───── Information ─────

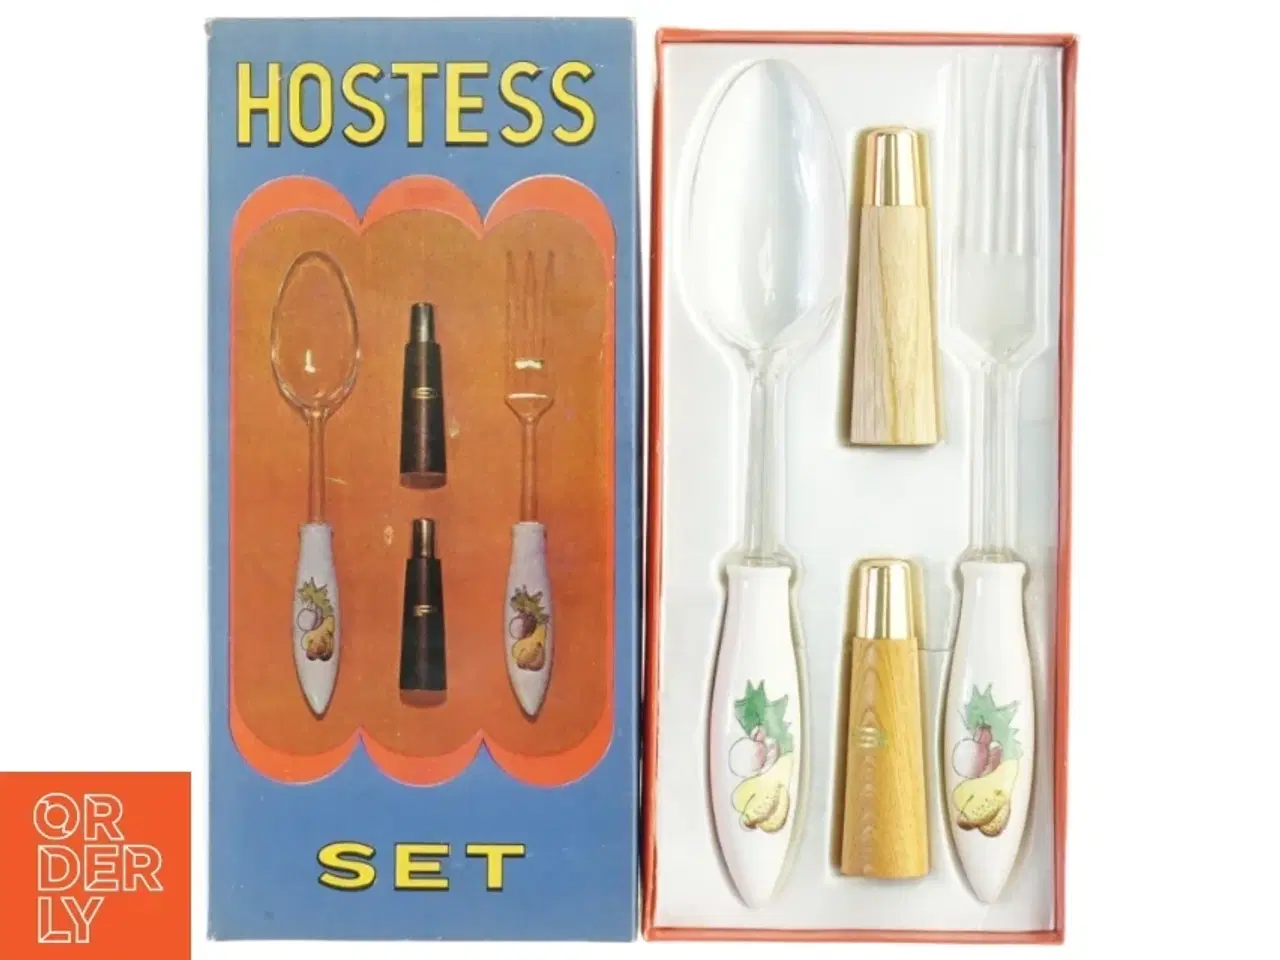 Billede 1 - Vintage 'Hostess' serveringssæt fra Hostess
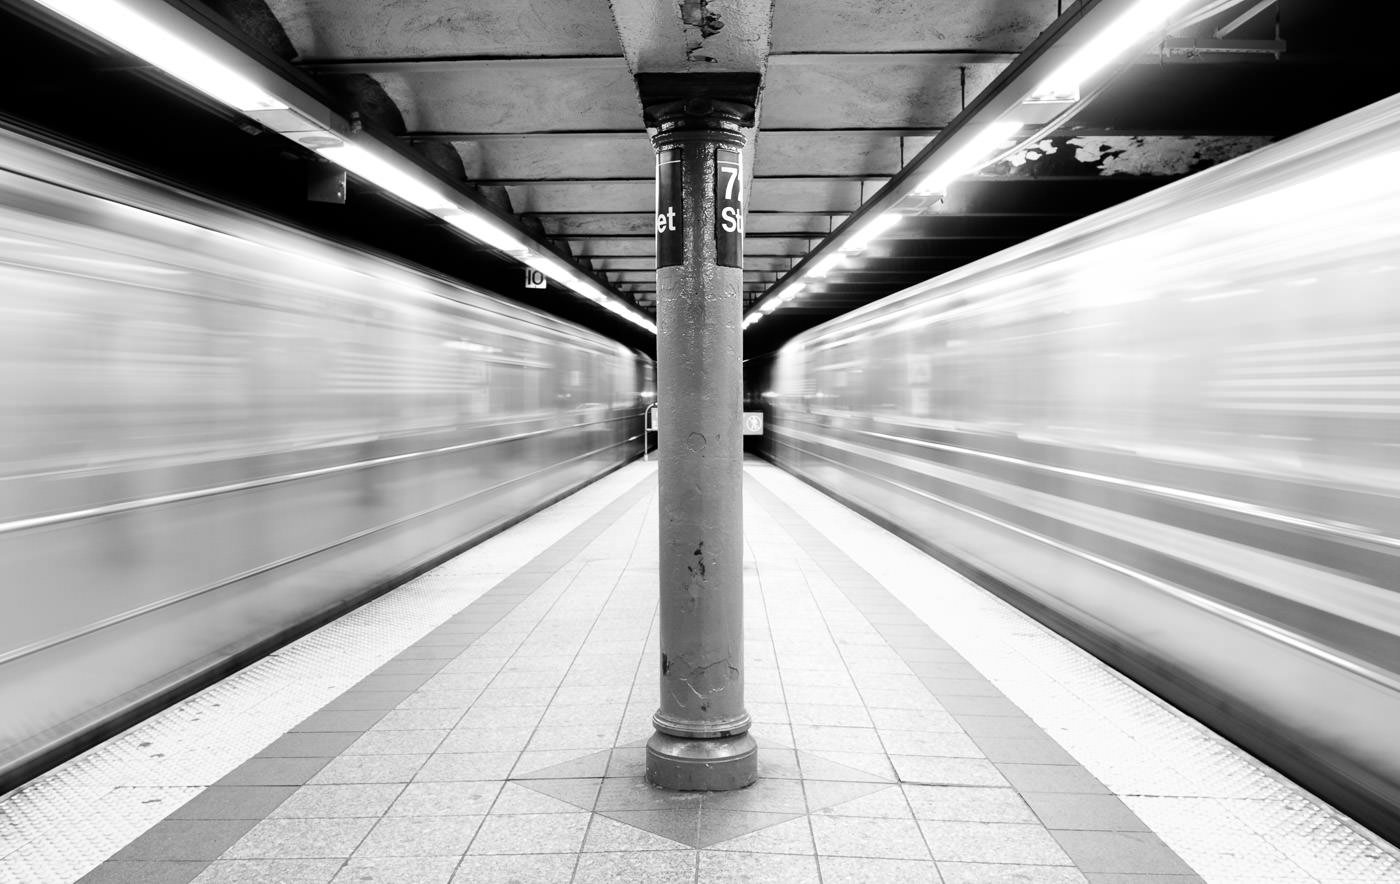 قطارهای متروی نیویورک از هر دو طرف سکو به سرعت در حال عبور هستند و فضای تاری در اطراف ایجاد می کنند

─────
───── Information ─────

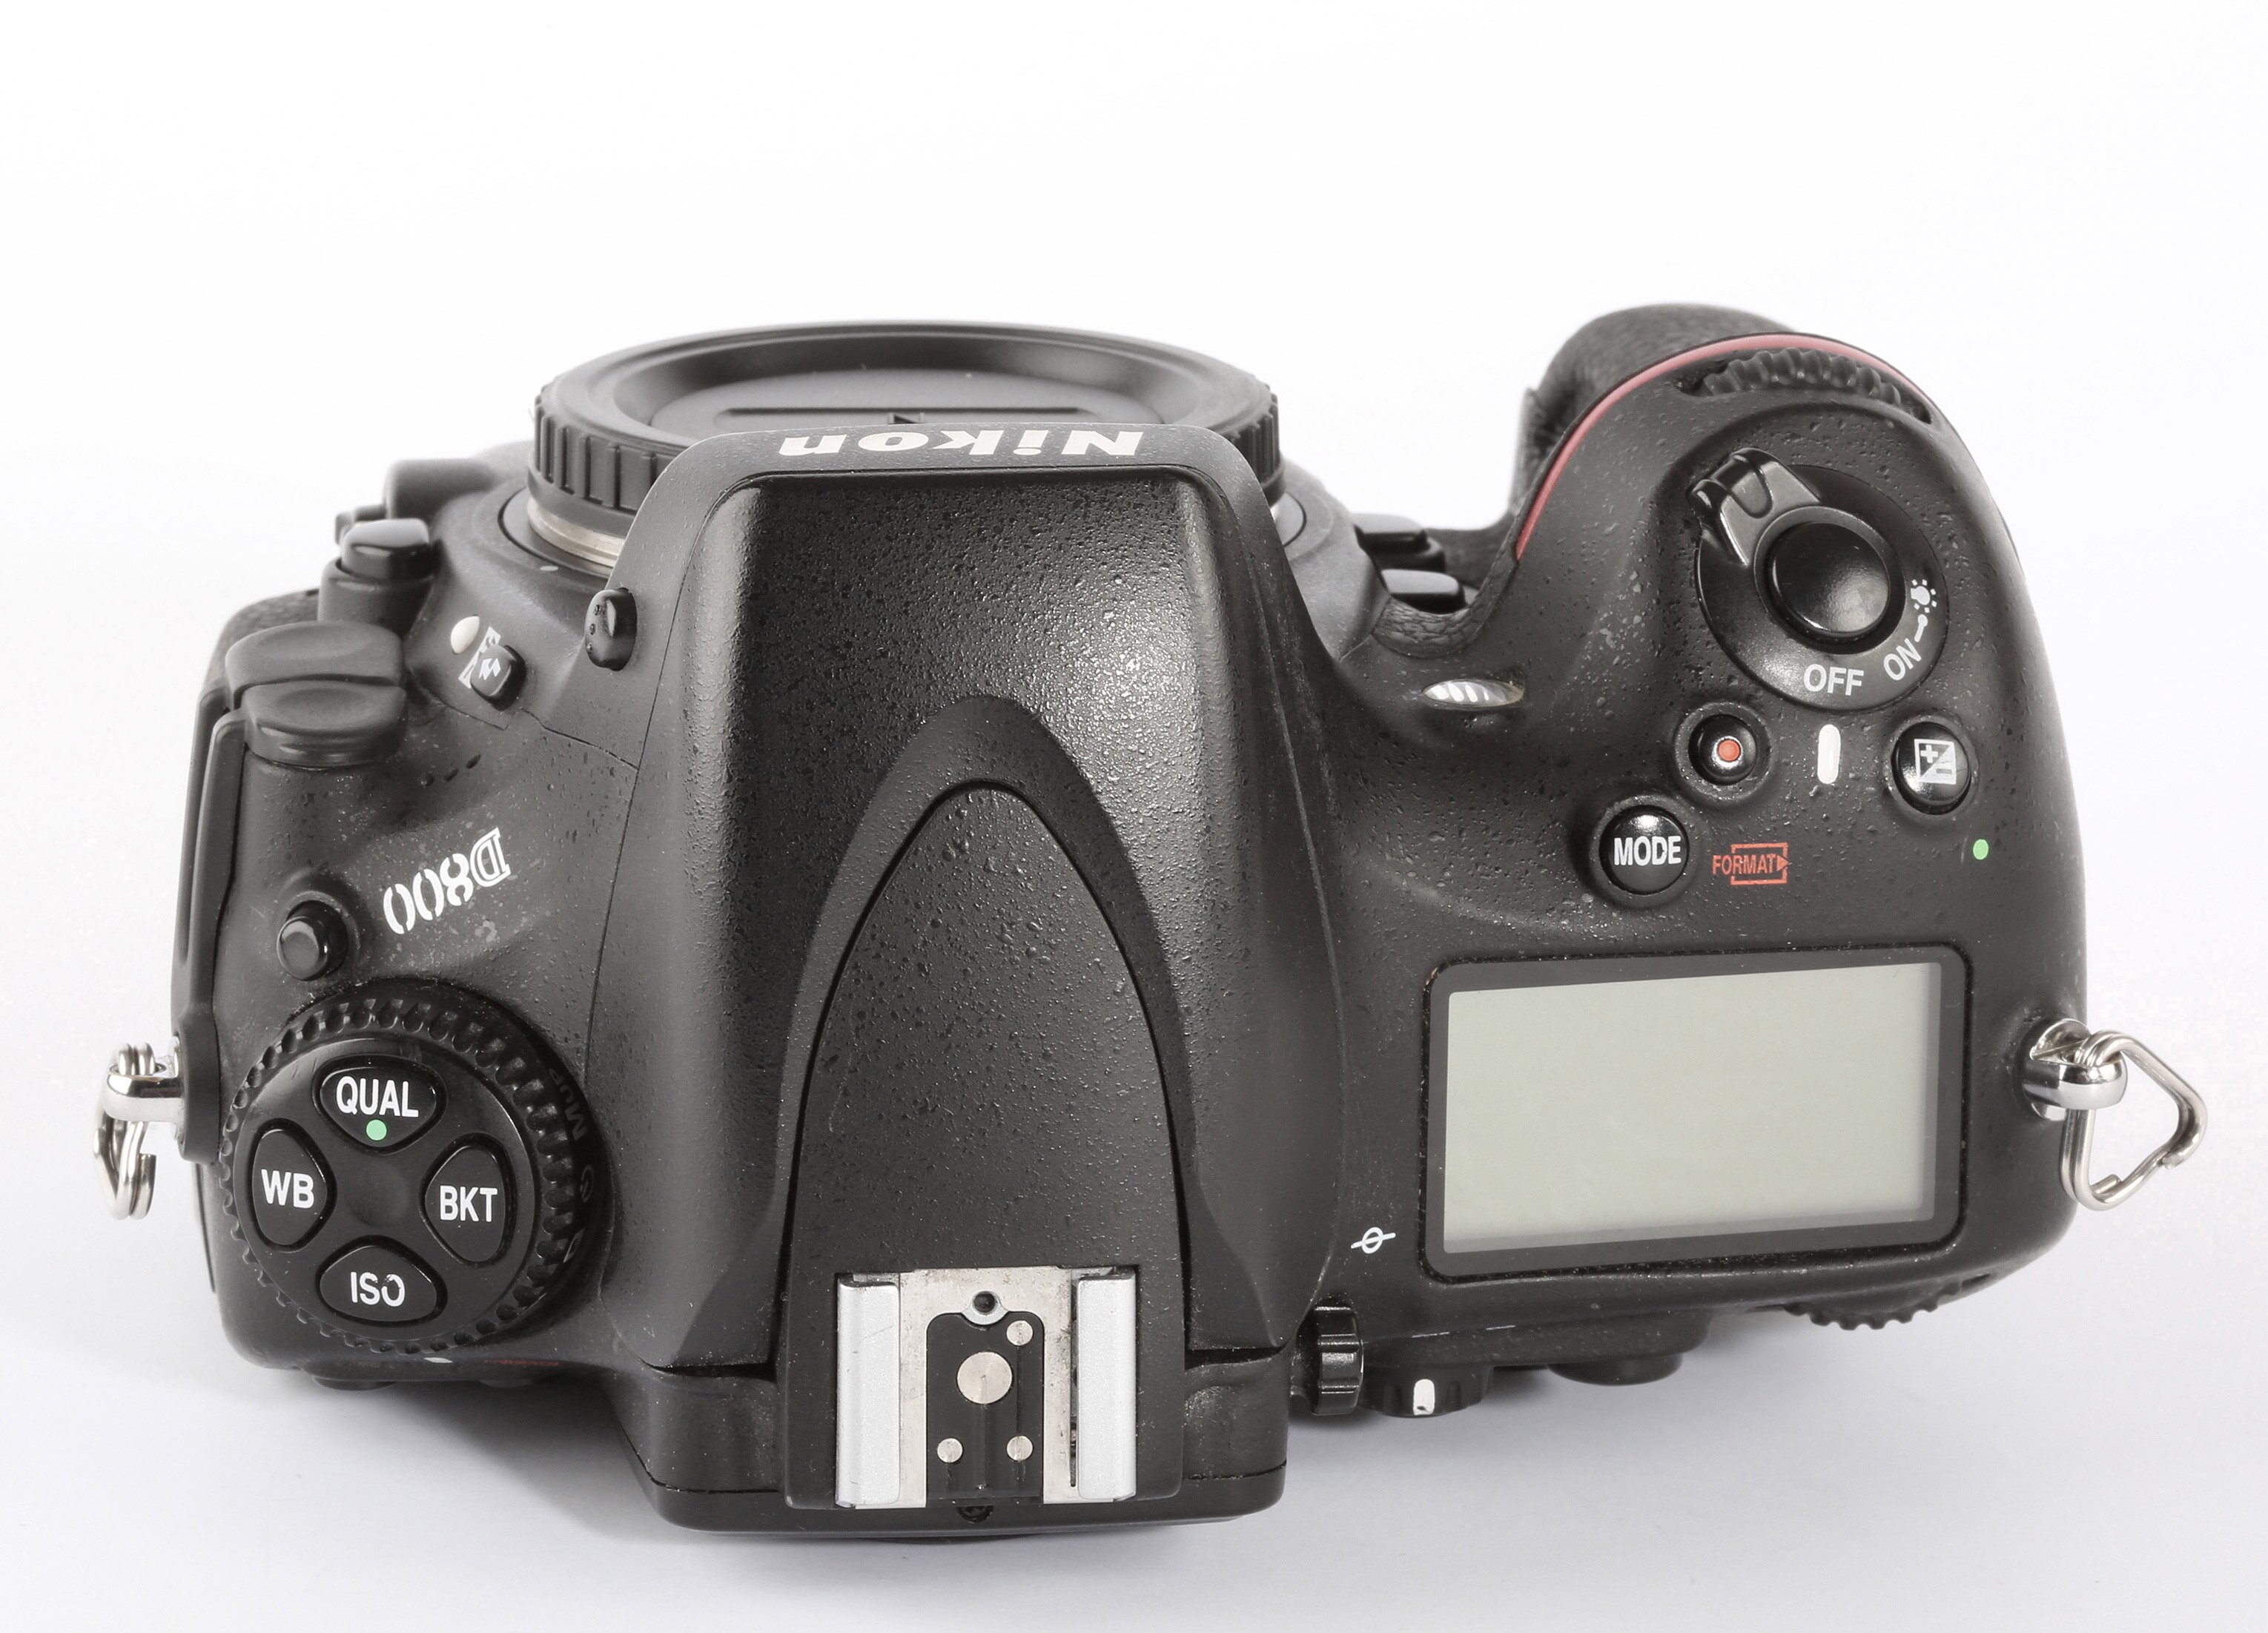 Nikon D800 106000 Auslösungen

─────
───── Information ─────

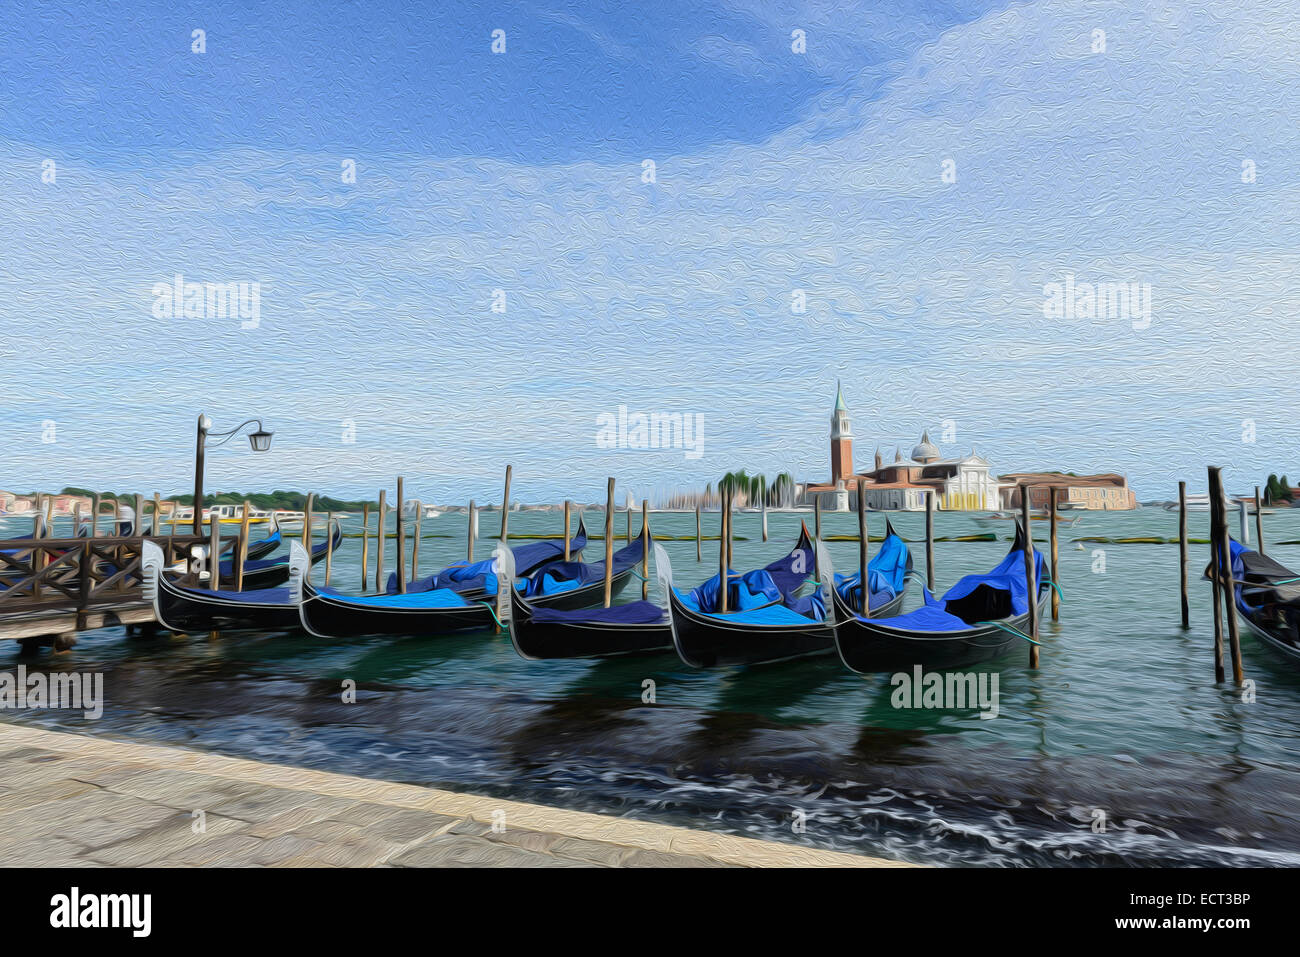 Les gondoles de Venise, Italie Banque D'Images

─────

▸ What you need to do
In the data above, find the line with "Billede 1 - Vintage" and the line with "قطارهای متروی نیویورک". Please copy exactly those two lines and every line between them, but not the pictures.

▸ Result of the exercise
 Billede 1 - Vintage 'Hostess' serveringssæt fra Hostess
 قطارهای متروی نیویورک از هر دو طرف سکو به سرعت در حال عبور هستند و فضای تاری در اطراف ایجاد می کنند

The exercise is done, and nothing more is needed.